**Data below**
+++
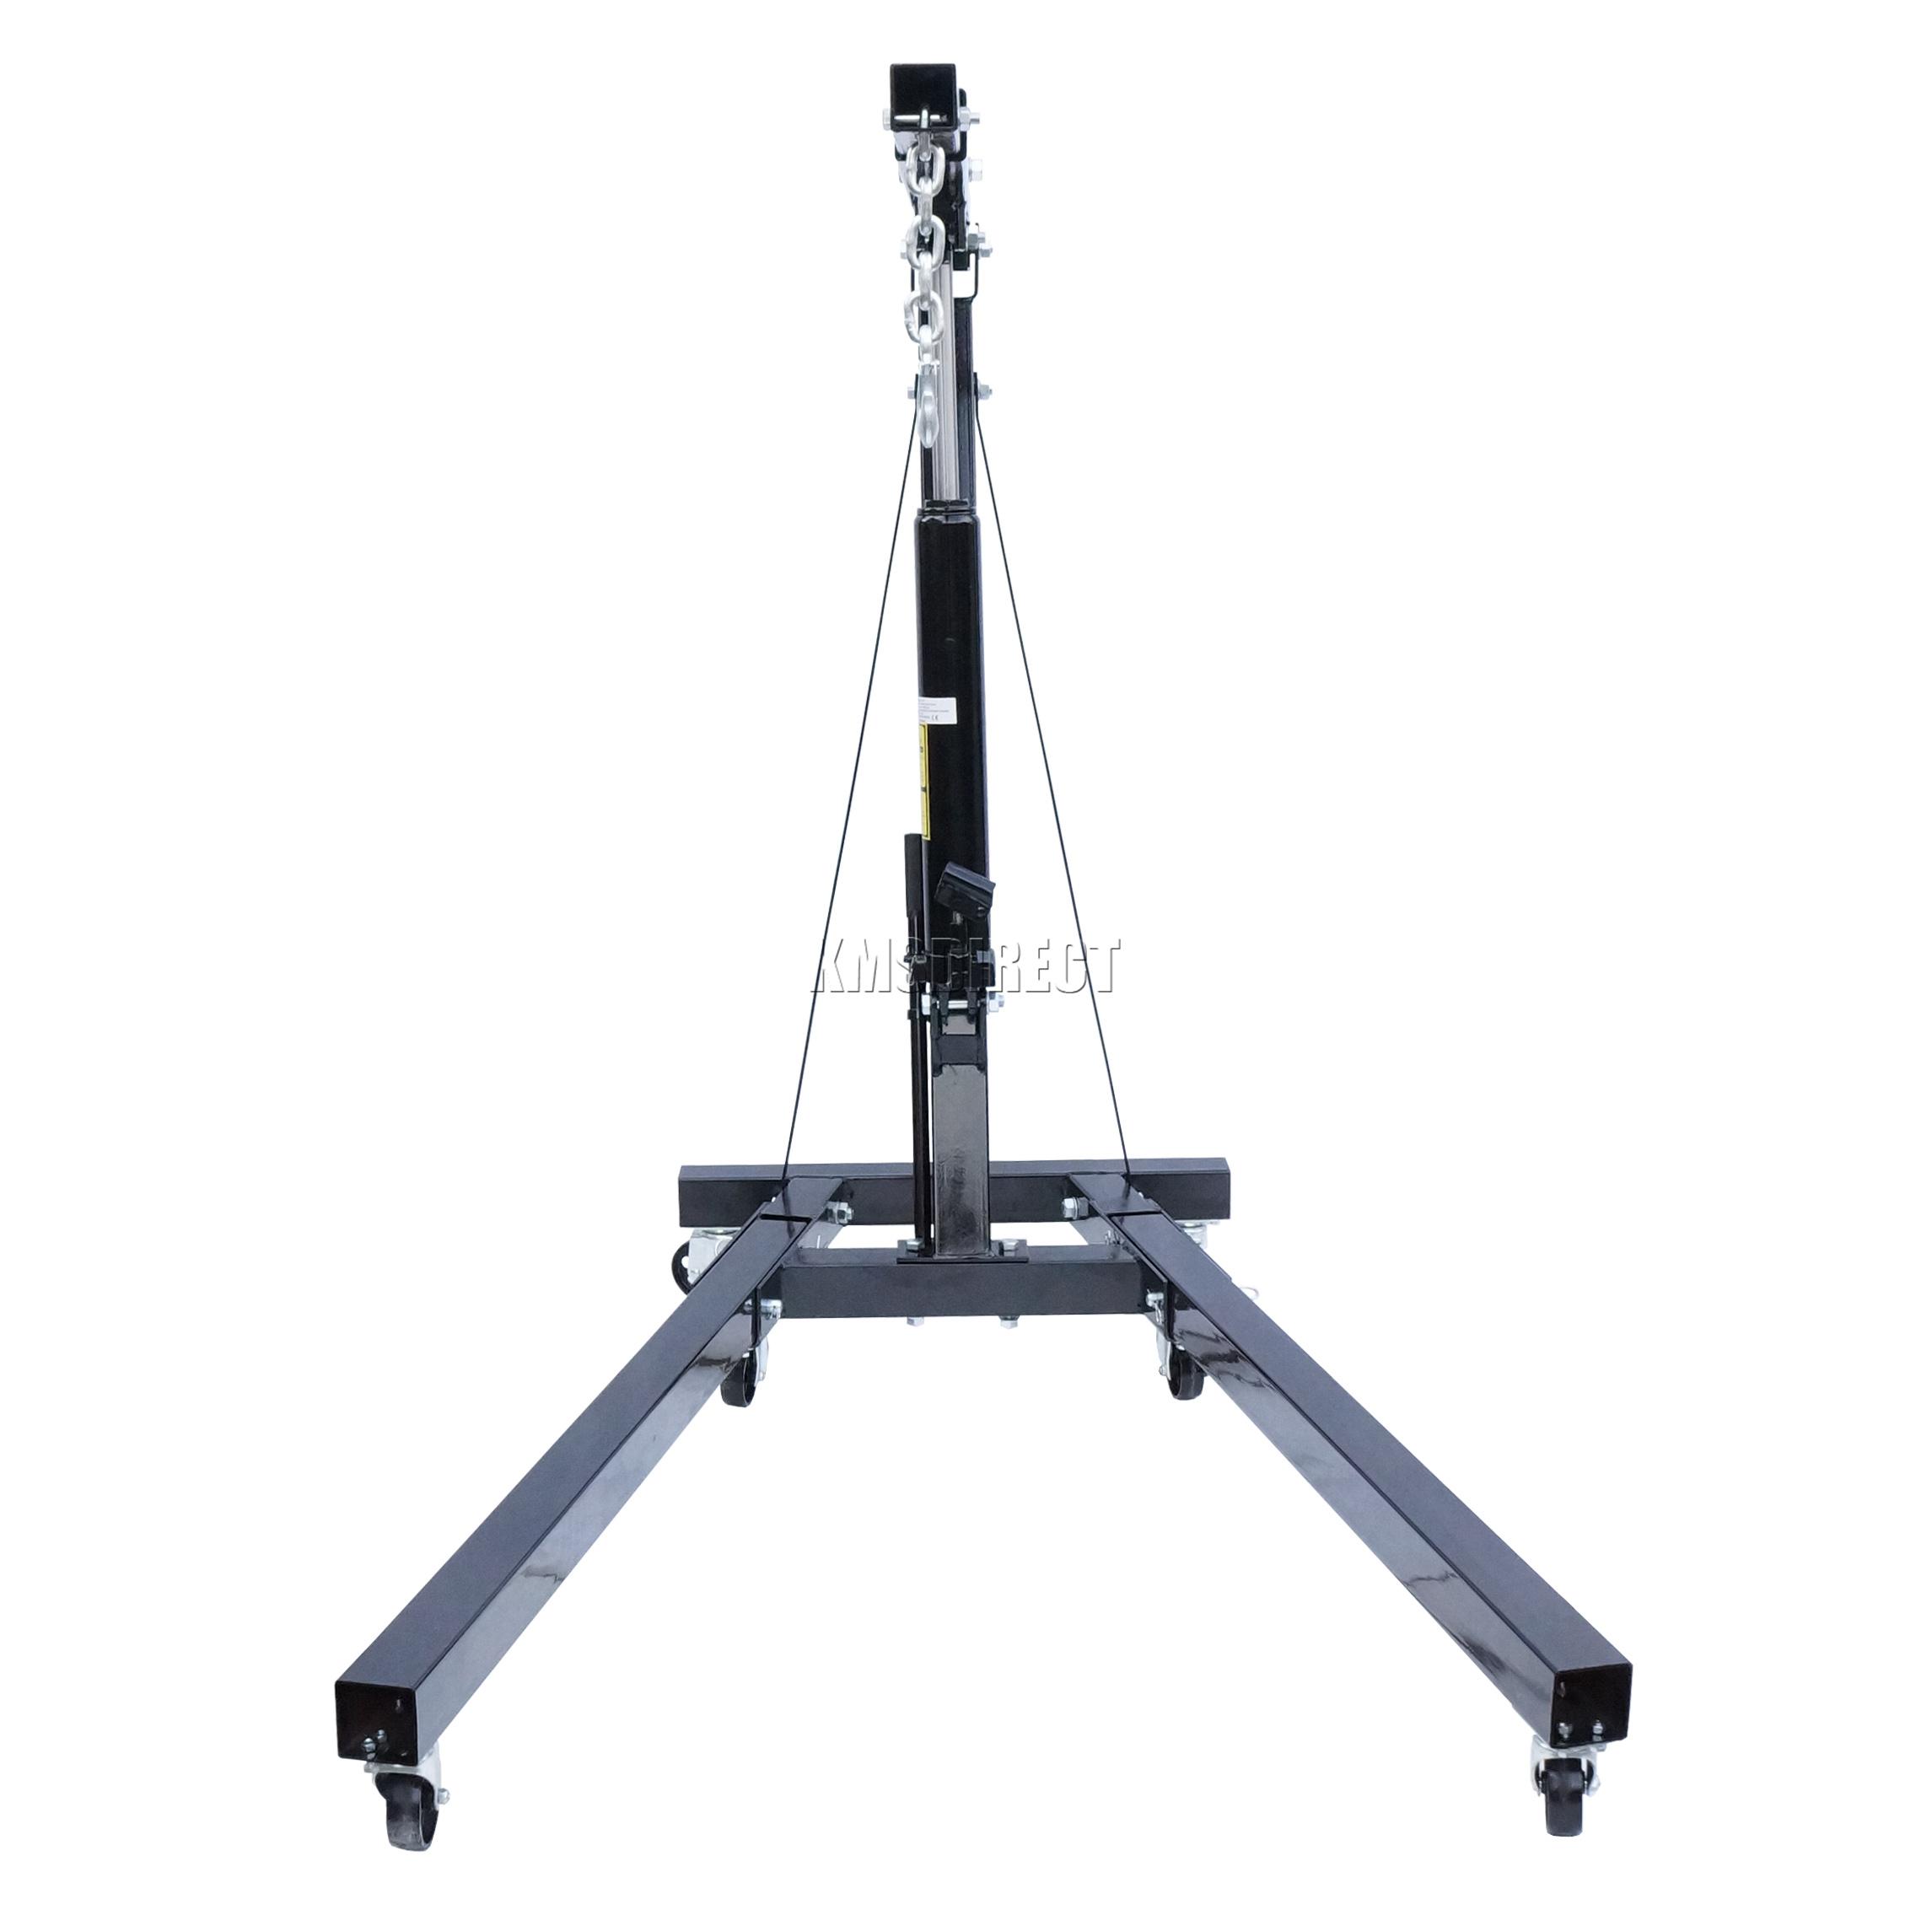 Folding Jack Stands >> FoxHunter 2 Ton Tonne Hydraulic Folding Engine Crane Stand Hoist lift Jack Black | eBay
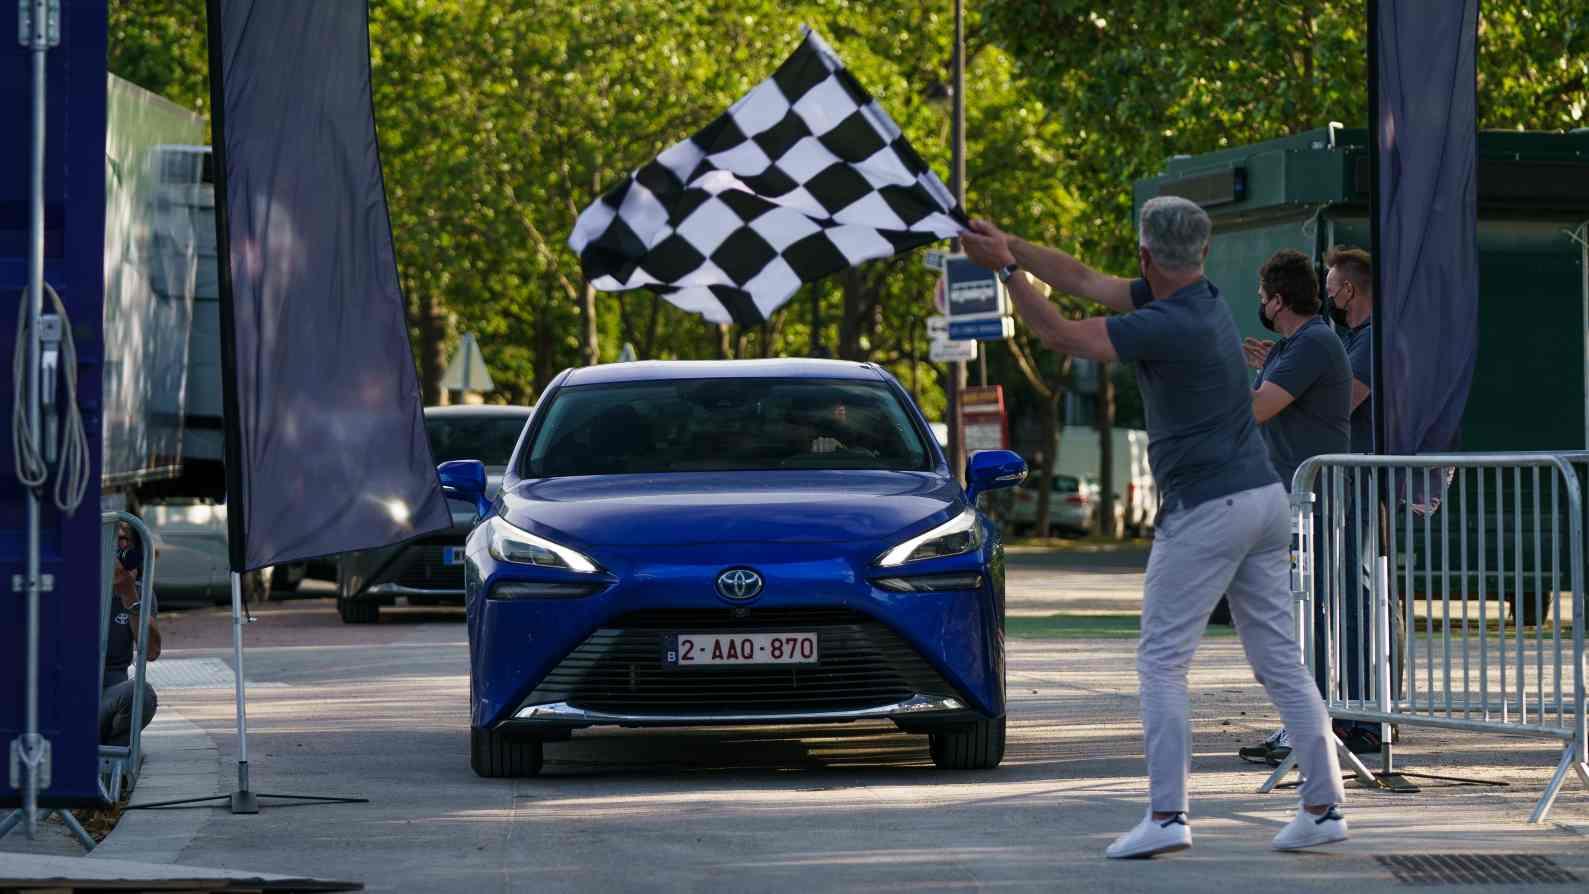 Toyota Mirai sets world record, covers over 1,000 km on a single fill of hydrogen- Technology News, Gadgetclock
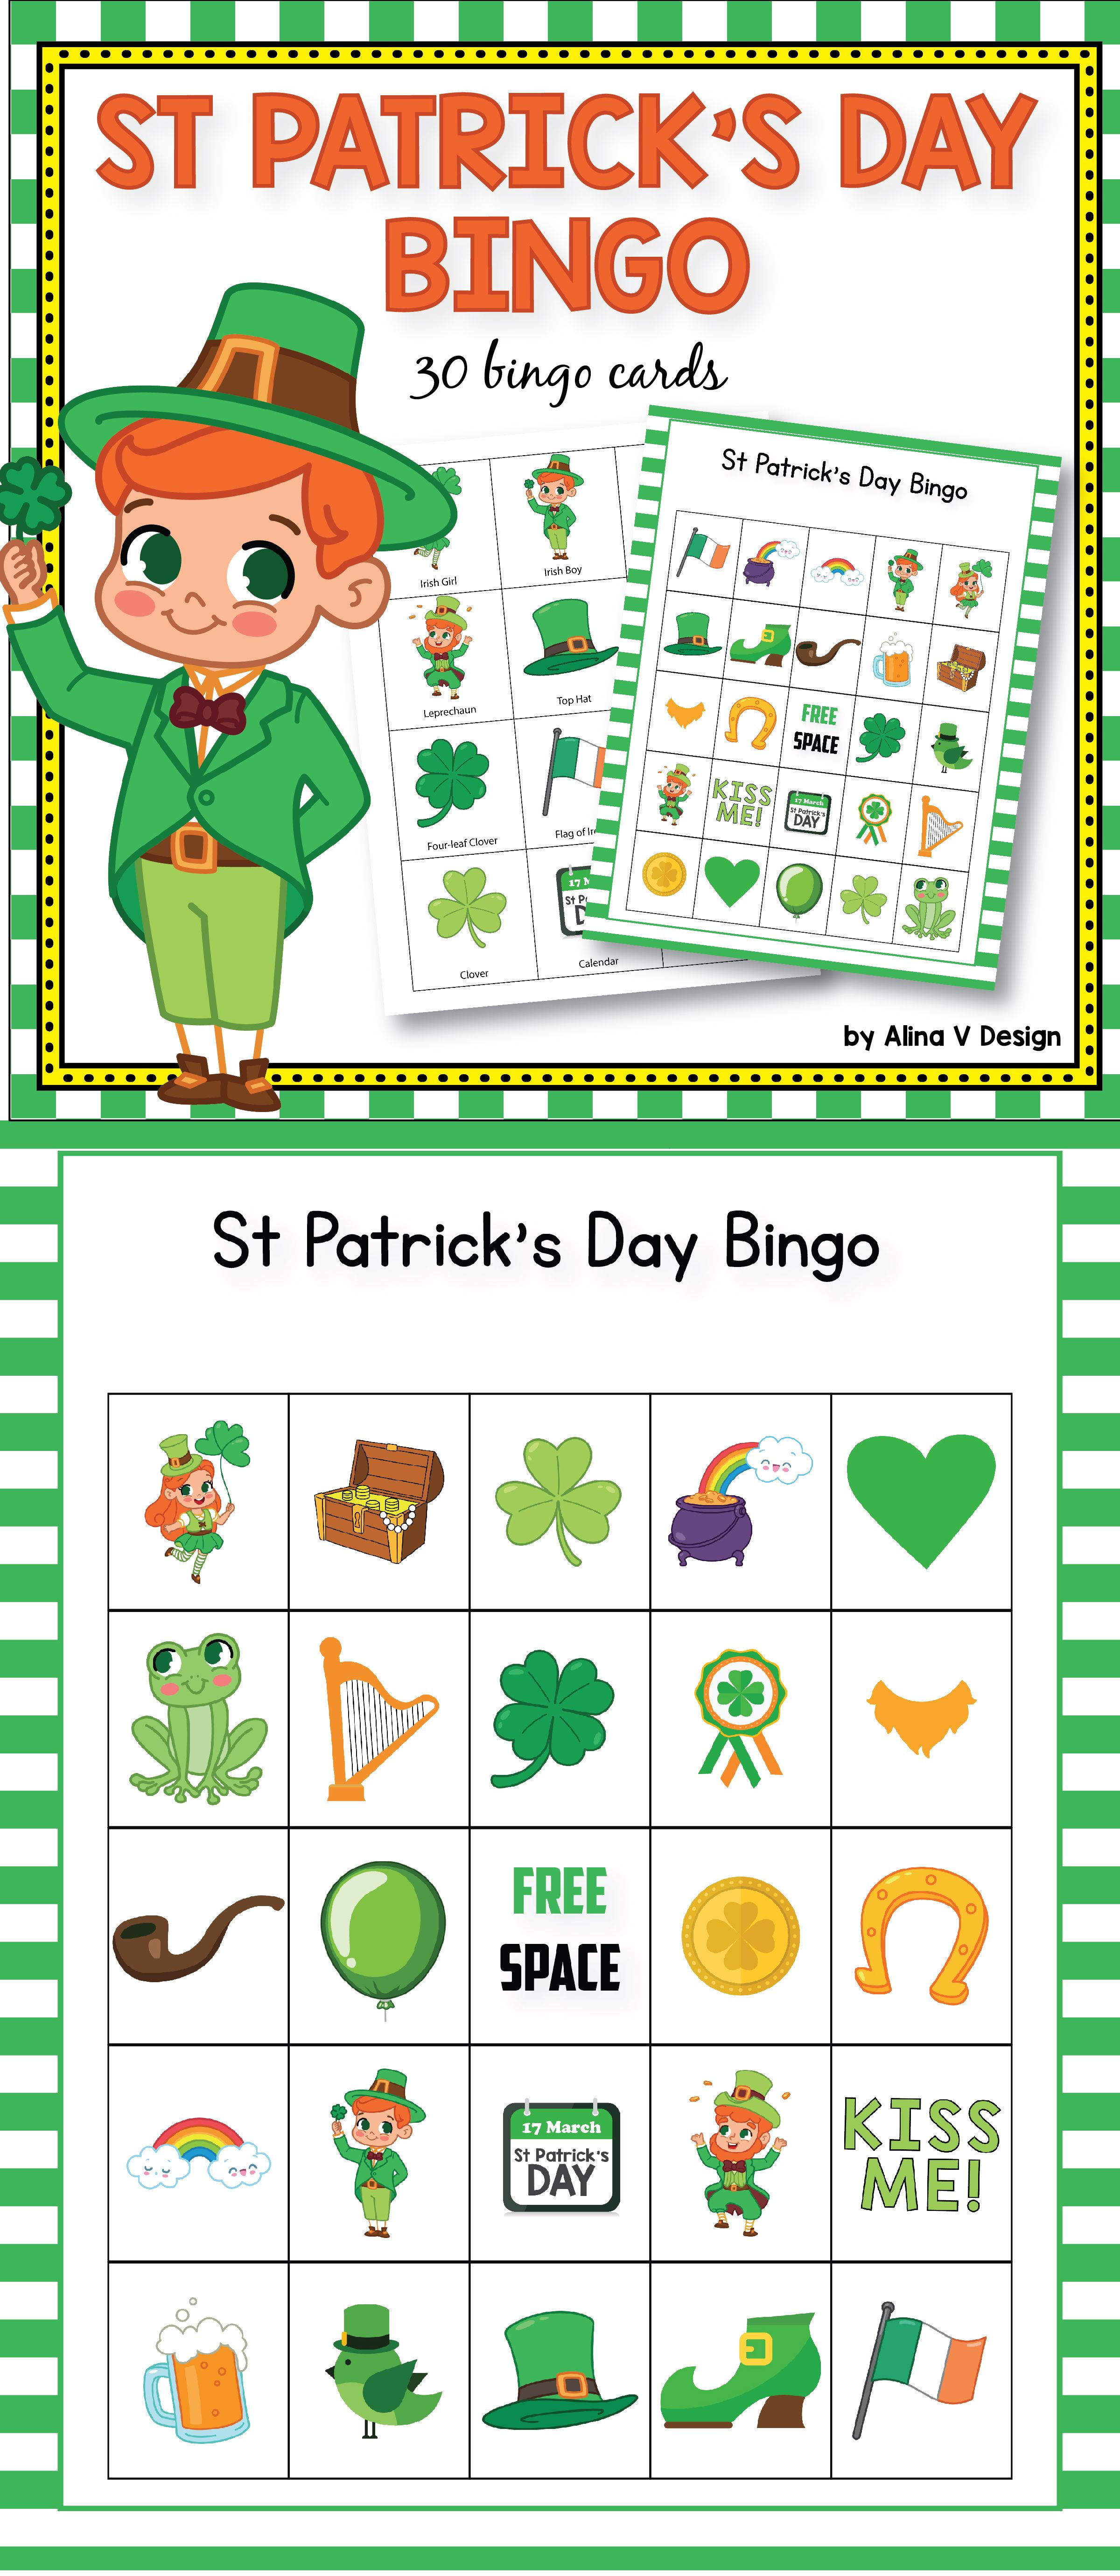 photo about St Patrick's Day Bingo Printable called St Patricks Working day Bingo Video game - St Patricks Working day Actions for
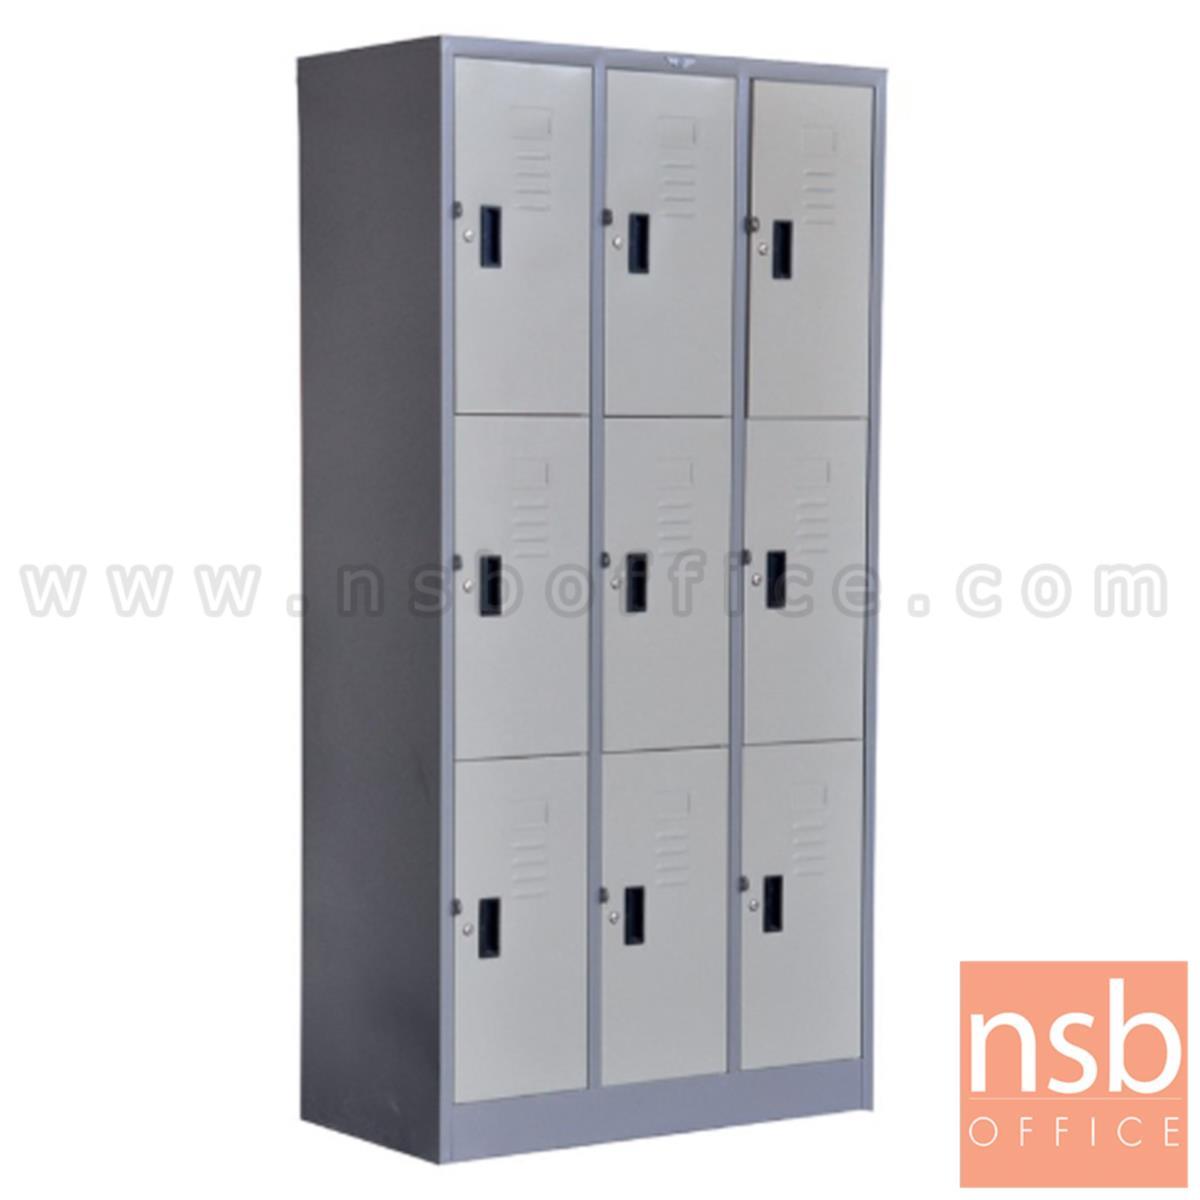 E08A007:ตู้ล็อกเกอร์ 9 ประตู รุ่น Roshan (โรชาน)  ขนาด 91.4W*45.7D*182.9H cm.
+++
**Directions**
With the pictures removed, set down every line of the listing above exactly.

**Result of this task**
 Folding Jack Stands >> FoxHunter 2 Ton Tonne Hydraulic Folding Engine Crane Stand Hoist lift Jack Black | eBay
 Toyota Mirai sets world record, covers over 1,000 km on a single fill of hydrogen- Technology News, Gadgetclock
 photo about St Patrick's Day Bingo Printable called St Patricks Working day Bingo Video game - St Patricks Working day Actions for
 E08A007:ตู้ล็อกเกอร์ 9 ประตู รุ่น Roshan (โรชาน)  ขนาด 91.4W*45.7D*182.9H cm.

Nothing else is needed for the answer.